▶ _Work to be completed_:
Could you reproduce, from the records below, everything from the line with "Early Victorian Victorian" down to the line with "Bachelor in Paradise's", keeping both of those lines and changing nothing?

▶ _Data listing_:
- Opening Delimiter -
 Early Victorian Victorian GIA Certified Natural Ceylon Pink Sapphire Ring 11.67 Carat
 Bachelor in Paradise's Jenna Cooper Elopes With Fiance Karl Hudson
- Closing Delimiter -
- Opening Delimiter -
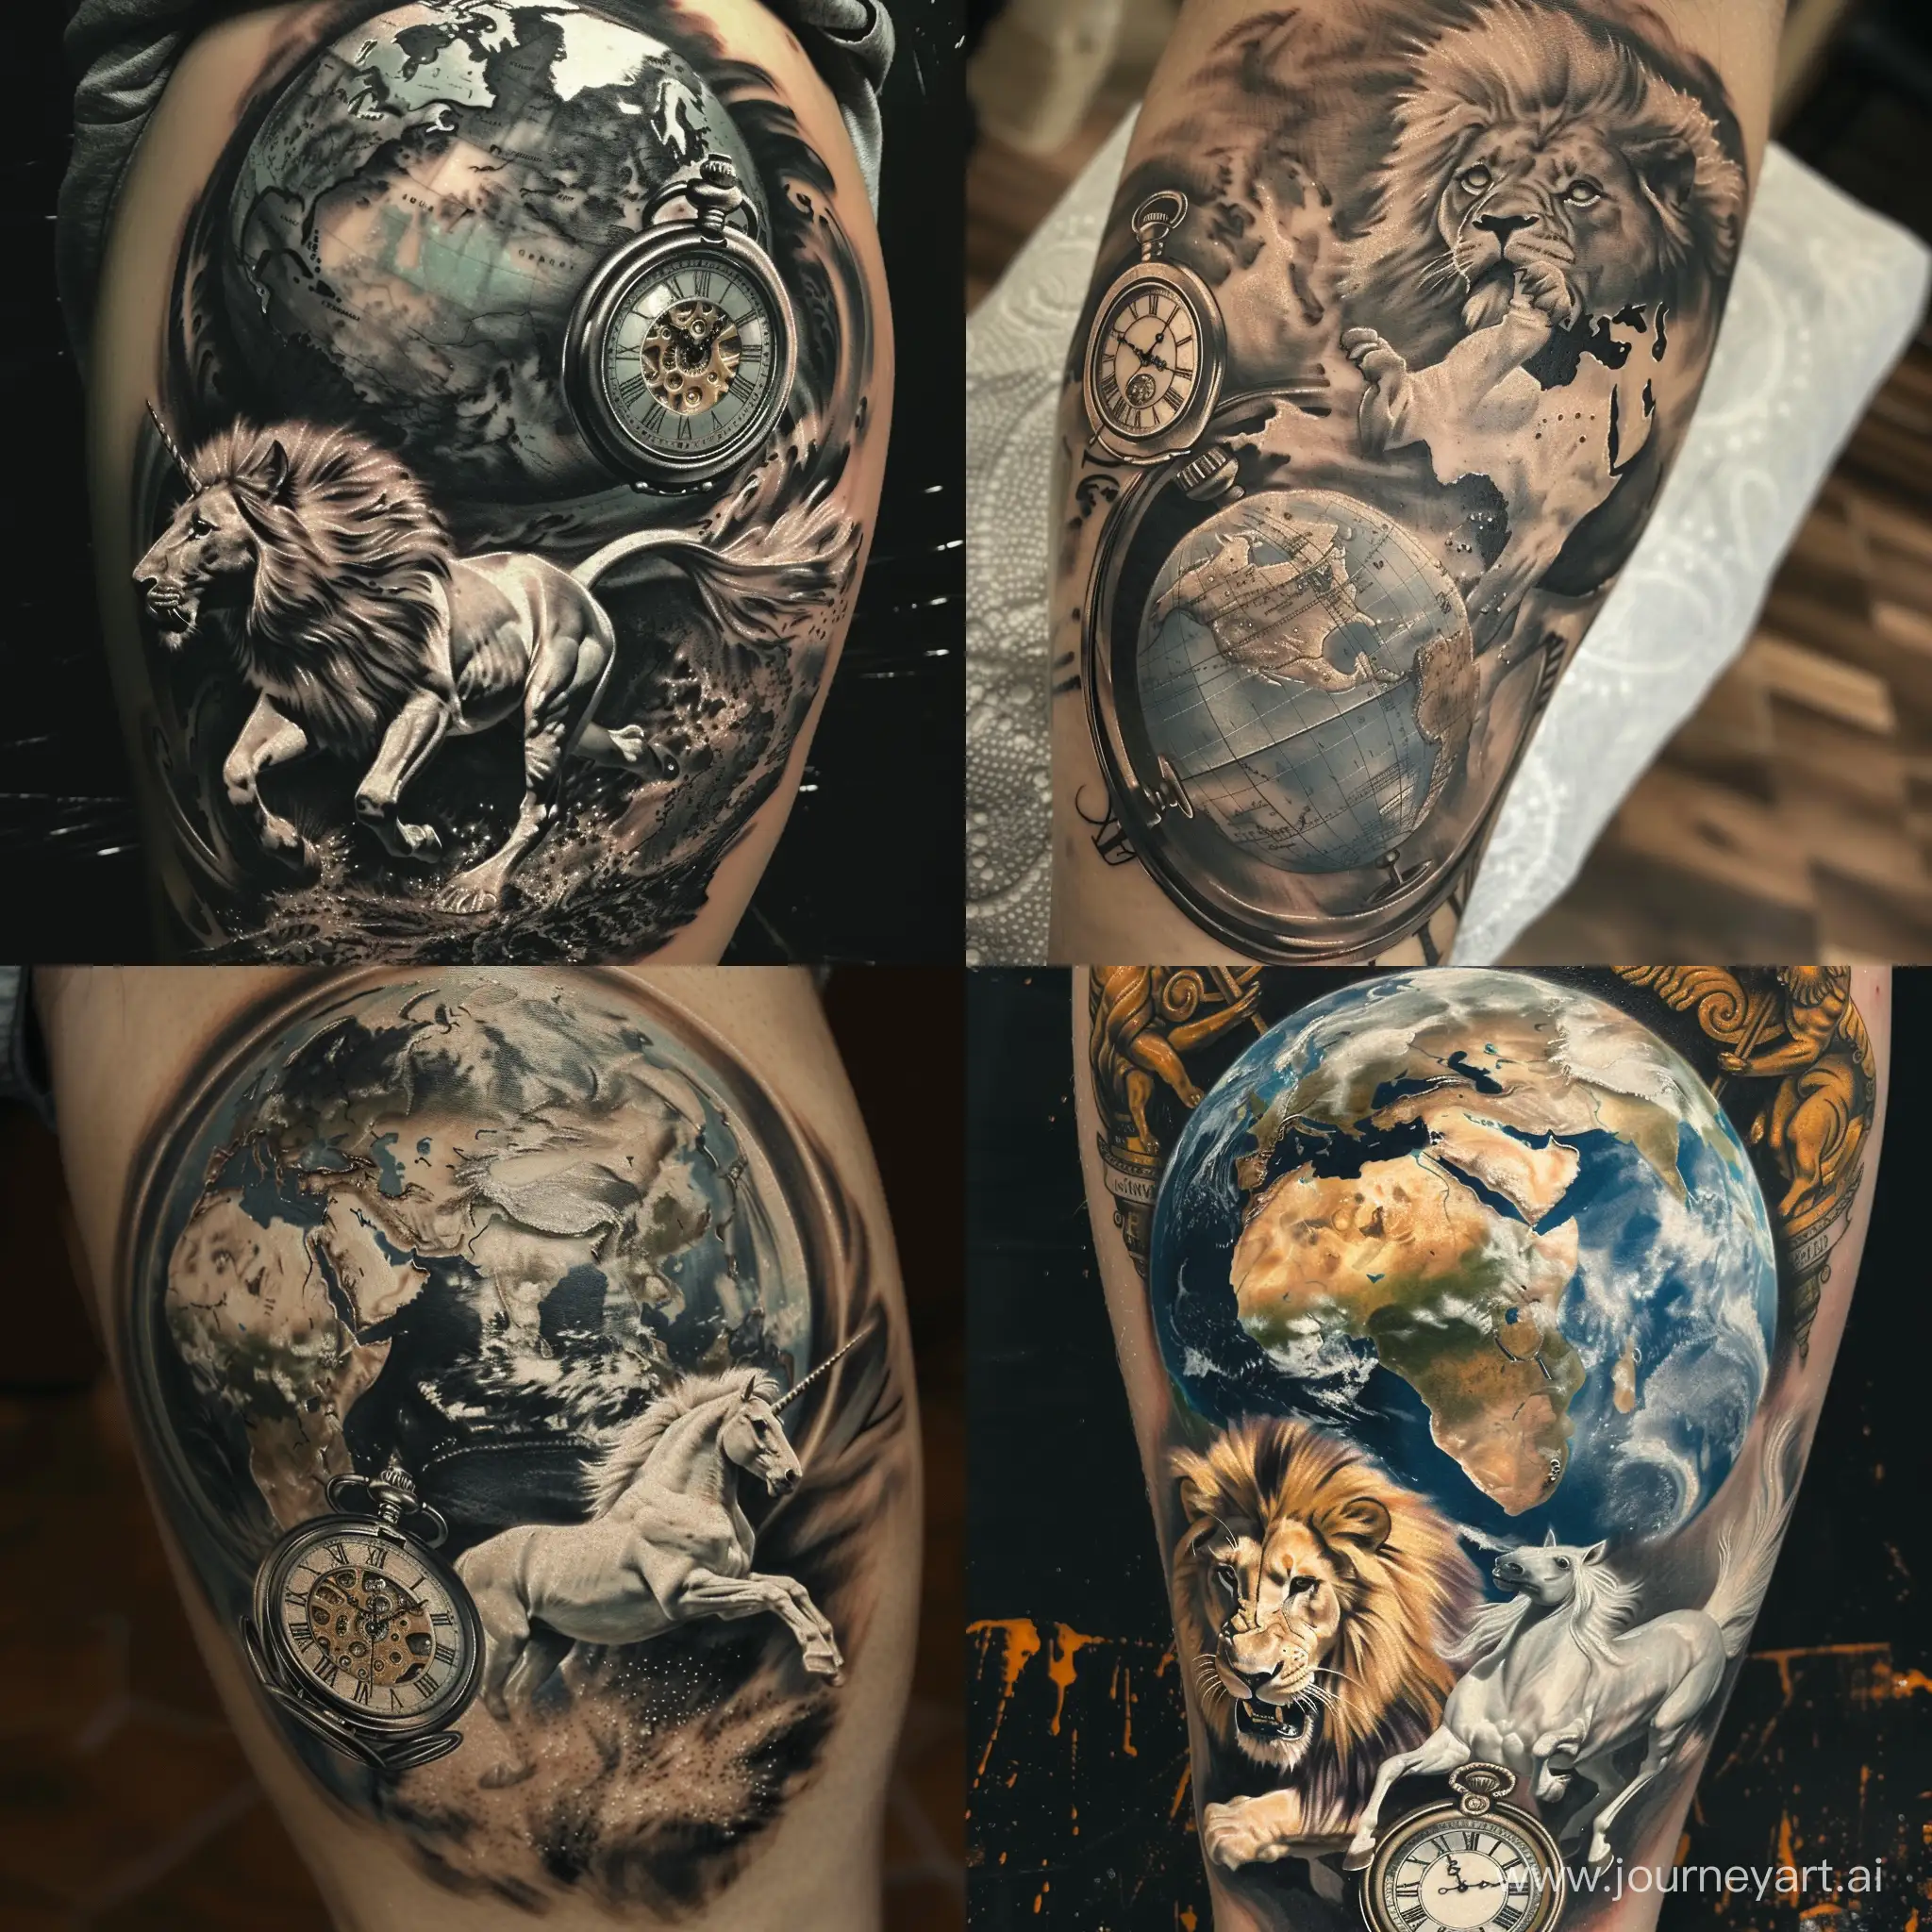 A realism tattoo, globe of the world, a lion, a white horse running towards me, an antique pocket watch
- Closing Delimiter -
▶ _Task solution_:
 Early Victorian Victorian GIA Certified Natural Ceylon Pink Sapphire Ring 11.67 Carat
 Bachelor in Paradise's Jenna Cooper Elopes With Fiance Karl Hudson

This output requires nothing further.